With Arduino 1.5.8, Arduino Mega 2560, Linux 14.04 64-bit.

Using 1200 baud makes every UTF-8 character show wrong, and using 115200 makes almost 90% show okay. That is very strange.
Adding delays or using Serial.write() does not help.

Does Arduino support UTF-8 or not ? Or only now and then ?

arduino-utf8.png

Does Arduino support UTF-8 or not ?

I believe the editor does but Serial Monitor does not.

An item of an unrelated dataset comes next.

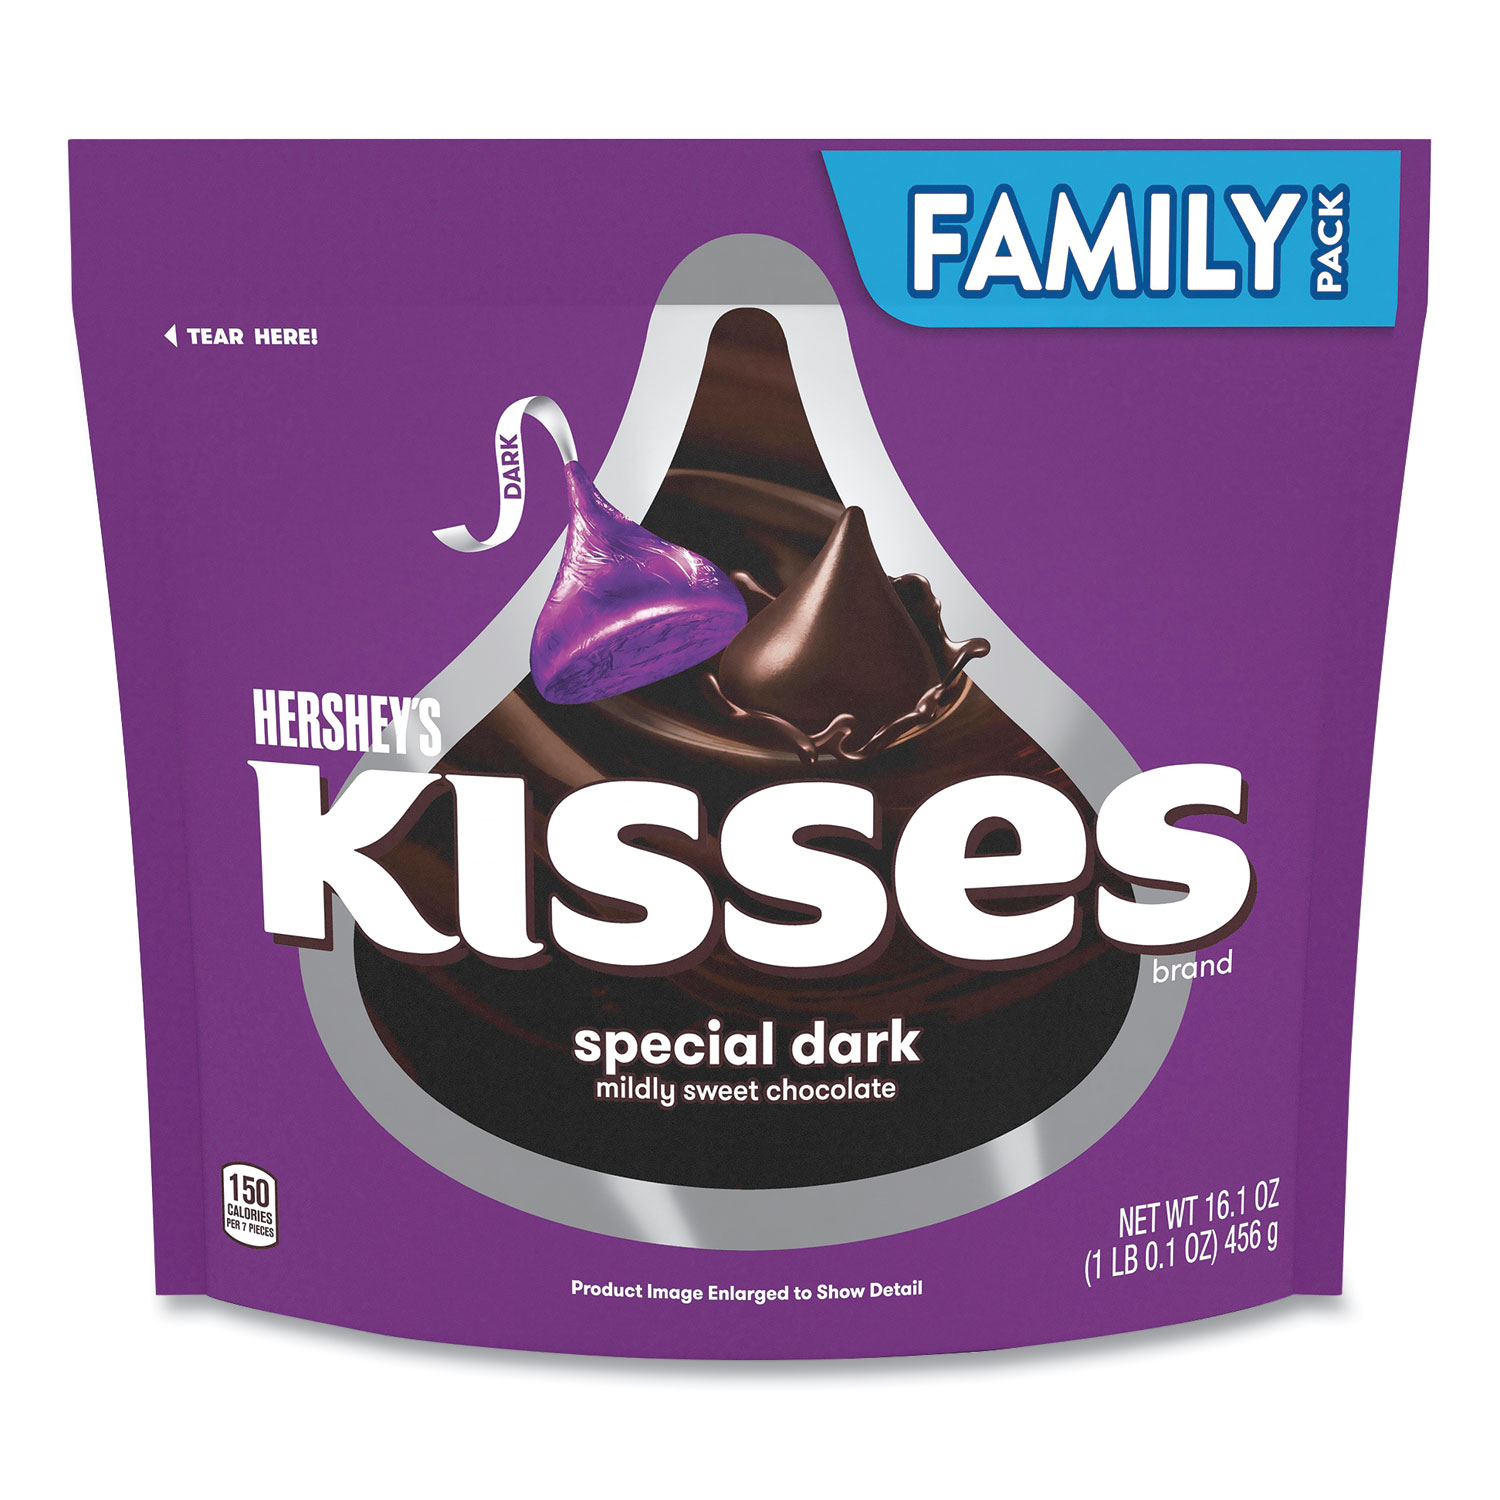  Hershey's 14060 KISSES Special Dark Chocolate Candy, Family Pack, 16.1 oz Bag, 2 Bags/Pack, Free Delivery in 1-4 Business Days (GRR24600424)

Try a terminal application.

Need to be careful with wide chars, the F macro appears not compatible with wide chars:

const wchar_t arr[] PROGMEM = L"©€µ©€µ";

void setup() {
  Serial.begin( 115200);
  Serial.println("+++++++++++++++++++++++++++");
  
  Serial.println(F("©€µ©€µ"));
  
  Serial.println("+++++++++++++++++++++++++++");
  
  for( int idx = 0 ; idx < sizeof( arr ) ; ++idx ){
    Serial.write( pgm_read_byte( (char*)arr + idx ) );
  }
  Serial.println("\r\n+++++++++++++++++++++++++++");
}

void loop(){}

Produces this HEX output (Not the same):

2B2B2B2B2B2B2B2B2B2B2B2B2B2B2B2B2B2B2B2B2B2B2B2B2B2B2B0D0A
C2A9E282ACC2B5C2A9E282ACC2B50D0A
2B2B2B2B2B2B2B2B2B2B2B2B2B2B2B2B2B2B2B2B2B2B2B2B2B2B2B0D0A
A900AC20B500A900AC20B50000000D0A
2B2B2B2B2B2B2B2B2B2B2B2B2B2B2B2B2B2B2B2B2B2B2B2B2B2B2B0D0A

The F() prints out just as much data even though the null is included in the second version. And it is not correct.

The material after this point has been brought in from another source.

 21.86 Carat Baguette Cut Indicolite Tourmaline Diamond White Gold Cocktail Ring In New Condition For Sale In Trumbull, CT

Works perfectly for me, using Arduino IDE 1.5.6 R2, tested on two Arduino Mega 2560 (clones from Sainsmart and "DCcEle" (which, unlike other clones or original board, uses a CH340 UART) ), Windows 8.1 64, I tried different bauds and all worked perfectly!

Thanks everyone for looking into this.
I tested it with other serial terminal applications. Some support UTF-8, some don't, but the result is always consistant.
Only the Arduino serial monitor of certain versions show this random correct and incorrect output.

I would call this : UTF-8 to the serial monitor is not supported and buggy.

Hang on guys, where are you basing this stuff, or what are you smoking!

The output I gave you was the hexidecimal output of the raw bytes, not from the IDE serial monitor.

The F() macro will not work with wide characters. You must use the method I showed you!

A page to the Playground for UTF-8 is added : Arduino Playground - UTF-8
The link to it is here : Arduino Playground - TutorialList

I still have to test the F() macro...

I think that most of what I wrote is correct, and I hope you will help to make some improvement to that page :smiley_cat:

I can't attach in file in the Playground, and I need to do that because of a bug in "Get code". So I attach the file here and use in the playground : Arduino Playground - UTF-8

Bug reported here : ( 1 ) Bug in "Get code" ( 2 ) attach in Playground - Website and Forum - Arduino Forum

utf-8.ino (2.09 KB)

@pYro_65
thank's to point out the "malfunction" of the F macro with 2-byte- (UTF-8) -characters.
but I had to modify your for-loop in the following way:

 for( int idx = 0 ; idx < (sizeof( arr )/2) ; ++idx ){
    Serial.write( pgm_read_byte( (wchar_t*)arr + idx ) );
  }

otherwise I got a an additional space (or maybe it's a '00' char) after each char (within the terminal of the arduno IDE under Win7).
I could not figure out, why that is the case (?)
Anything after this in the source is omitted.